WORK ITEM:
Pictures aside, print all of the data below exactly as written.

RECORDED DATA:
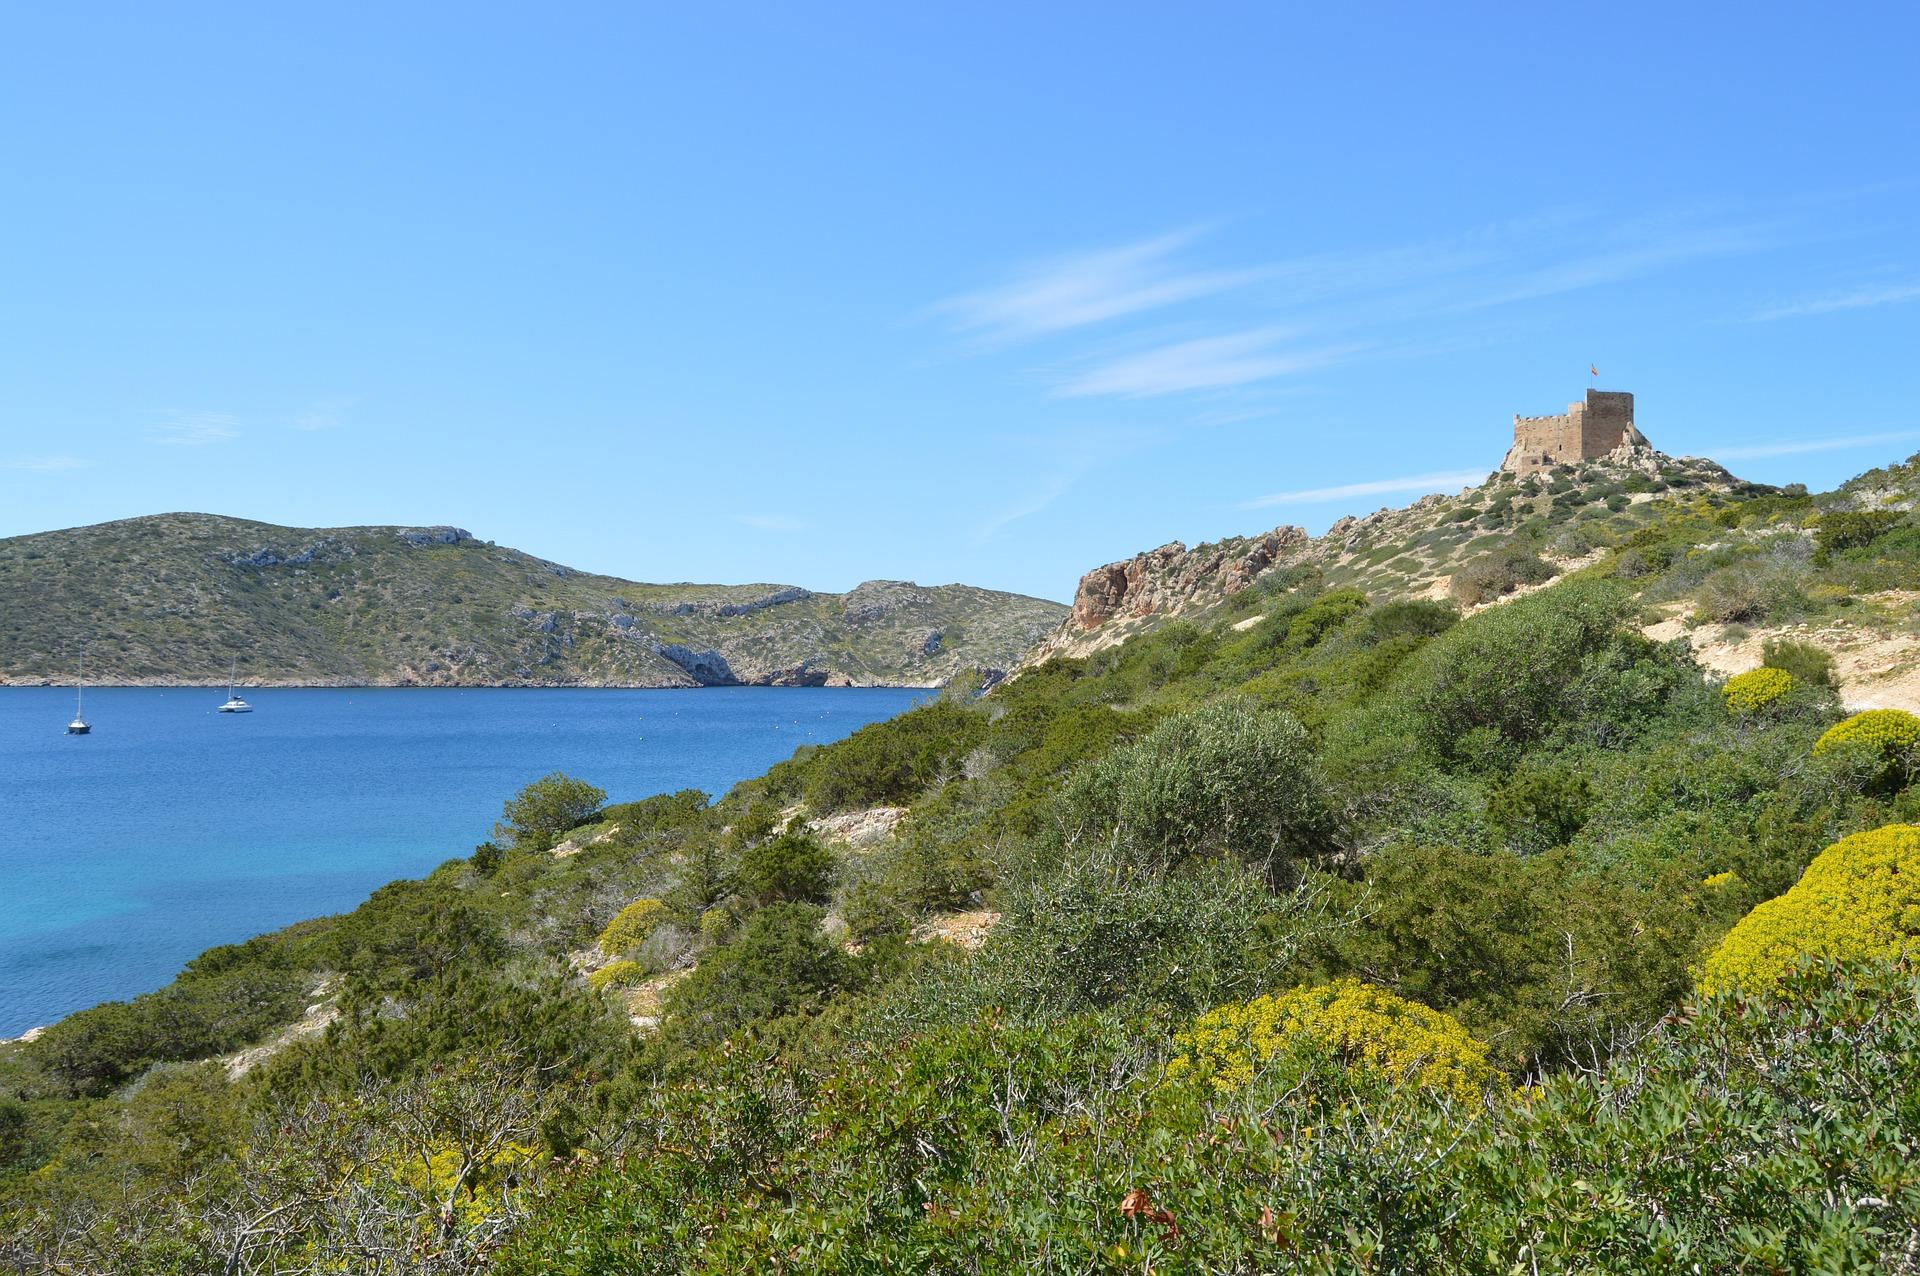 Cabreara Balearische Insel der Ort an dem die einheimischen Wohnen und wo der Massentourismus nicht exestiert
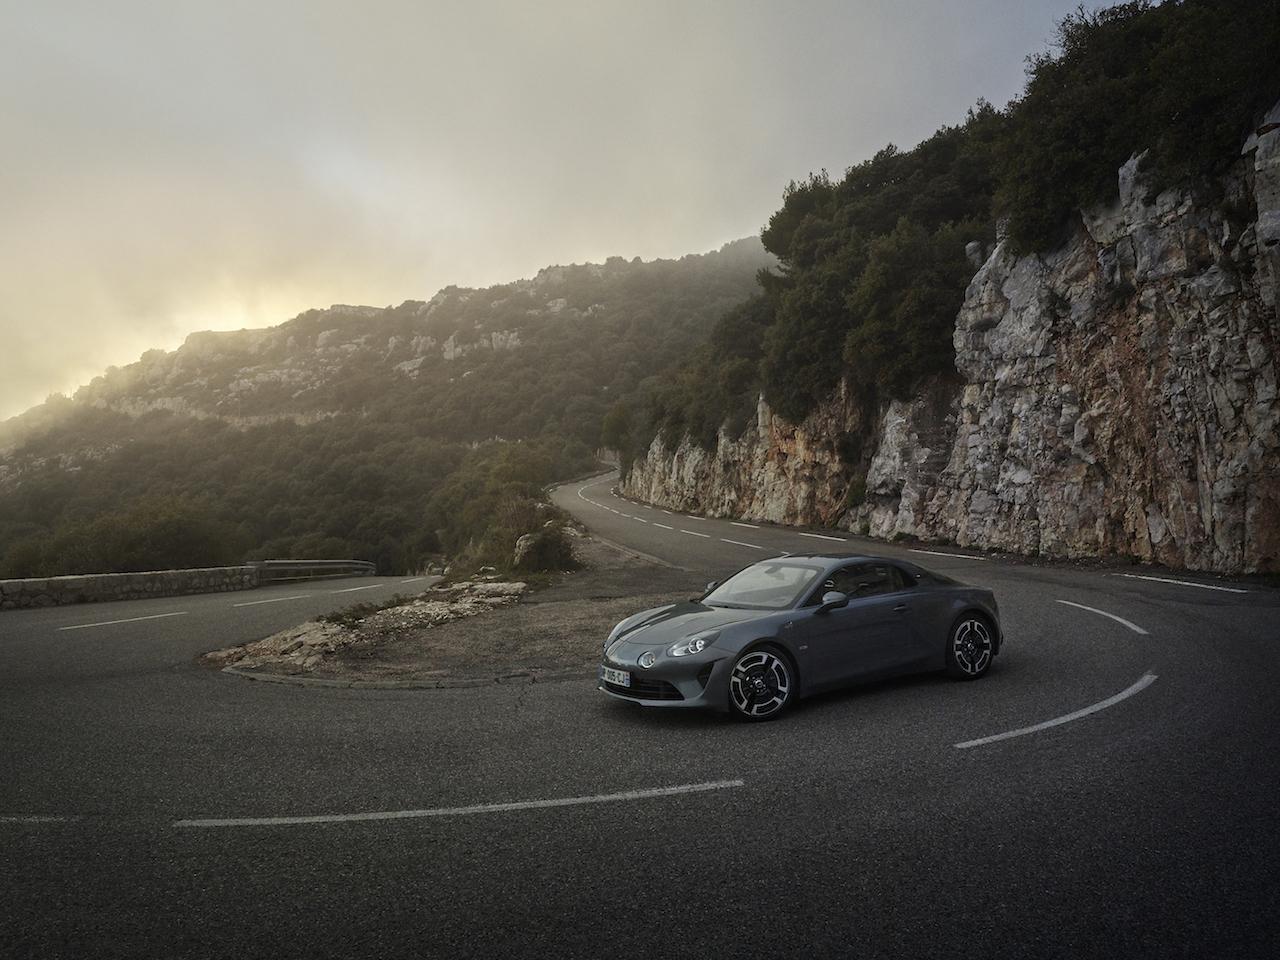 「新生アルピーヌにわずか10台限定の左ハンドルモデル「A110 リネージ リミテッド」が登場【新車】」の3枚目の画像
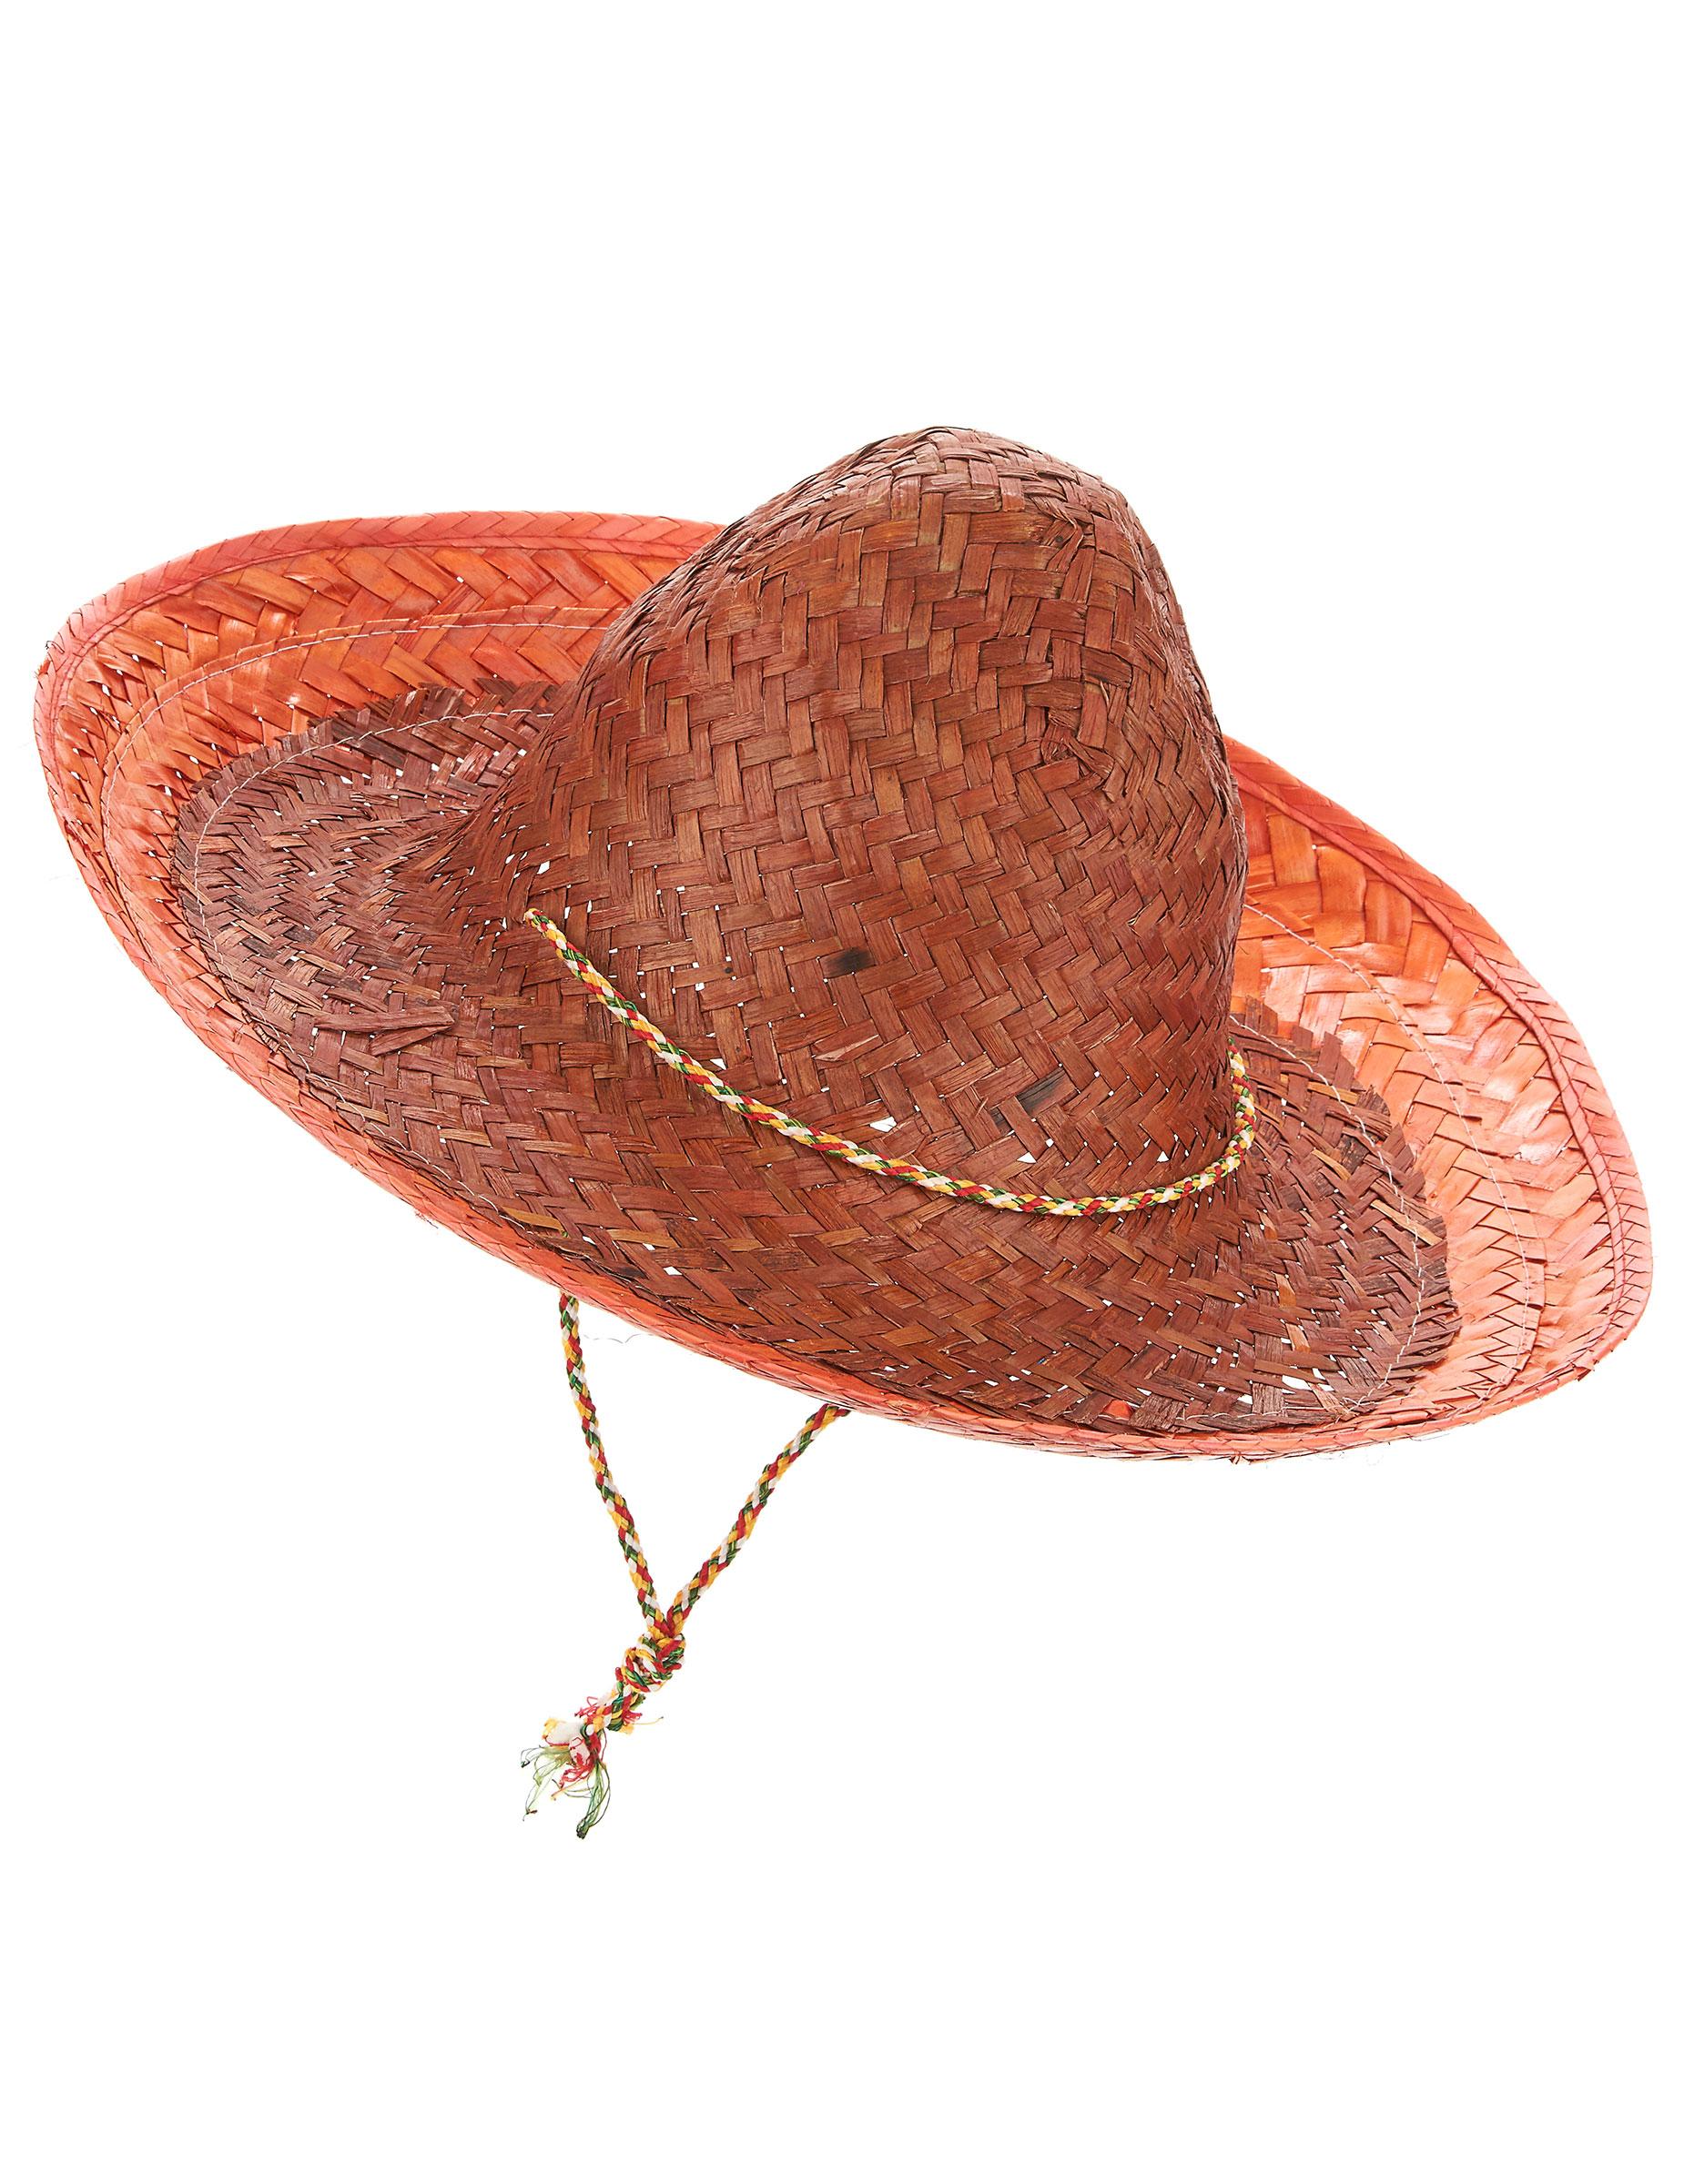 Chapeaux en paille et canotiers pous déguisements et fêtes d été ... 15492a21565

SOLUTION FOR THIS EXERCISE:
 Cabreara Balearische Insel der Ort an dem die einheimischen Wohnen und wo der Massentourismus nicht exestiert
 「新生アルピーヌにわずか10台限定の左ハンドルモデル「A110 リネージ リミテッド」が登場【新車】」の3枚目の画像
 Chapeaux en paille et canotiers pous déguisements et fêtes d été ... 15492a21565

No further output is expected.